Further north, and still within walking distance, lies another culinary delight in Michelin-starred Es Tragón, set in an elegant, whitewashed farmhouse with sky-blue trim and sea views. Here, chef Álvaro Sanz Clavijo celebrates the island’s local ingredients, creating dishes influenced by cultures and civilisations that have passed though Spain.

And nearby, Sa Capella welcomes diners to enjoy a meal within the ruins of a 16th-century chapel, where classic Ibizan dishes are served in the ambient surroundings of the lush garden and softly lit nave. In the pine-clad hills set back from the coast you’ll find Pike’s. The legendary hotel has hosted rock royalty over the years, from Grace Jones to Bon Jovi. Wham’s 1983 hit Club Tropicana was filmed there and Freddie Mercury hosted his 41st birthday bash at the hotel, said to be one of the island’s most lavish parties. Under new management, it’s lost none of its original, quirky charm and is still considered one of the best spots on the island for carefree fun for those in the know.

Back to boho

Ibiza may have had a tough couple of years with the ongoing Covid restrictions, but locals and those tourists lucky enough to visit have been able to enjoy a more relaxed vibe. Without the clubs, Ibiza’s hedonism has been put on pause and its wholesome side has been revealed. The busiest spots have been those combining luxury with that bohemian vibe that invites guests to escape from their everyday.

To the north of the island, Six Senses Ibiza opened its zen retreat this summer, offering eco-friendly design, a vast spa and food sourced from its own organic farm, headed up by celebrity chef Eyal Shani.

At Nobu Ibiza Bay, just north of Ibiza Town, chef Dani Garcia has opened BiBo, a colourful cosmopolitan eatery that celebrates his most famous dishes as well as serving fresh Mexican flavours by the pool.

Back at Cala Gracioneta Chiringuito, owner Javier Anadon is optimistic.

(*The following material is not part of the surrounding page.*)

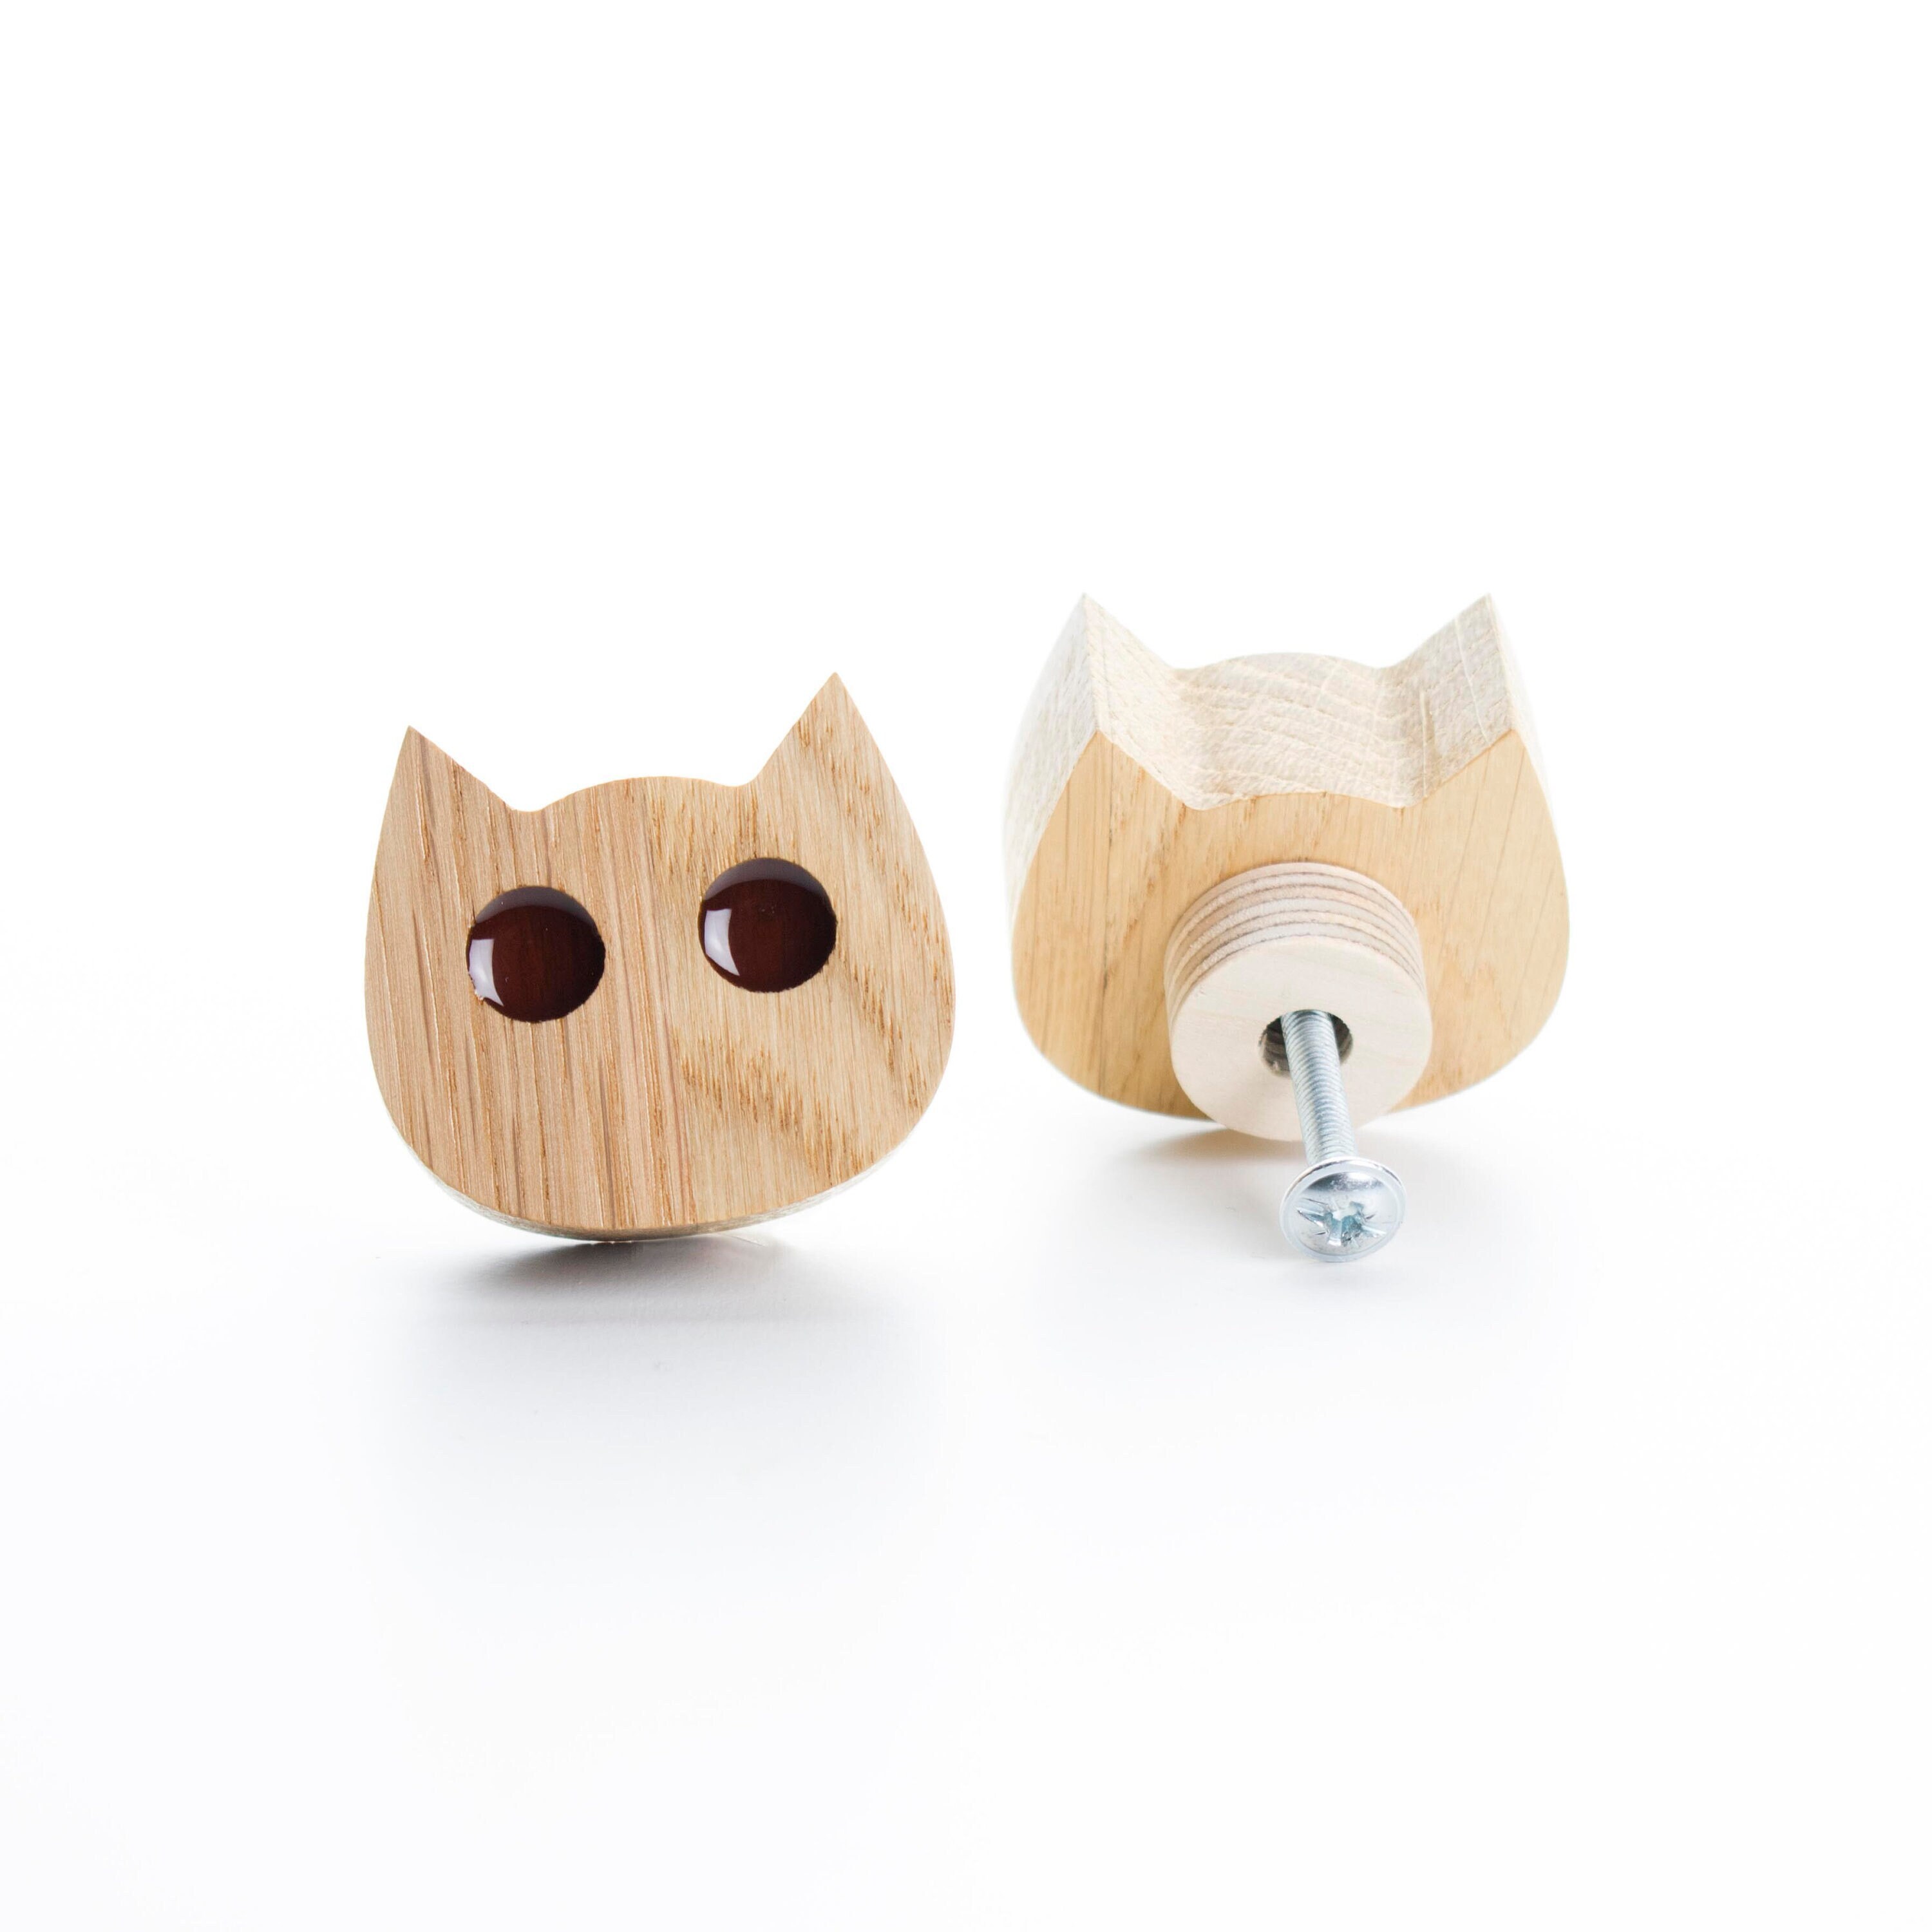 drawer knob kitty chat yeux rouge foncé bois de chêne avec résine époxy, bouton commode fleurs, meubles design moderne, mobilier pour enfants

He says Covid has given Ibiza the chance to reset and go back to its roots. Visitors have discovered the beautiful scenery and spectacular cuisine.

With openings like Oku and Six Senses, the island’s transformation to wholesome hedonism is complete. Ibiza is going back to boho, but with a luxury touch.

Book it: Elegant Resorts offers five nights with breakfast in a Superior Room at Oku Ibiza from £985 per person including economy flights, private transfers and UK lounge passes, departing May 9, 2022.

Free and easy Formentera

By day the coastline of the smallest Balearic island is flecked with yachts and motorboats that have made the half-hour journey from Ibiza to enjoy beaches of Caribbean-white sand and waters that shimmer iridescent blue. But this most laid-back of the Balearics is worth a longer stay. Here, sleepy villages seem frozen in time, hiking and cycling trails lace the countryside and exquisite beaches invite you to do little else but paddle in the shallows. There is an eco-conscious ethos across the island, with development kept under tight control and a dining scene that uses fresh, local ingredients. Formentera has even released a slow food map highlighting where visitors can find everything from local wines to olive oils, organic fruit to traditional dried fish, known as peix sec. A boutique design hotel has just opened on Platja Migjom, recreating that free-spirited vibe that first put Formentera on the map in the 60s and 70s. At Casa Pacha Formentera (pictured), creamy polished concrete, balconies of sun­bleached wood and natural-hued linens are set against the gleaming blue waters. With just 14 suites and a relaxed restaurant and beach bar, the focus is very much on switching off and getting back to nature. Formentera promises just the right balance of bohemian style and barefoot luxury, all wrapped up in one bijou island.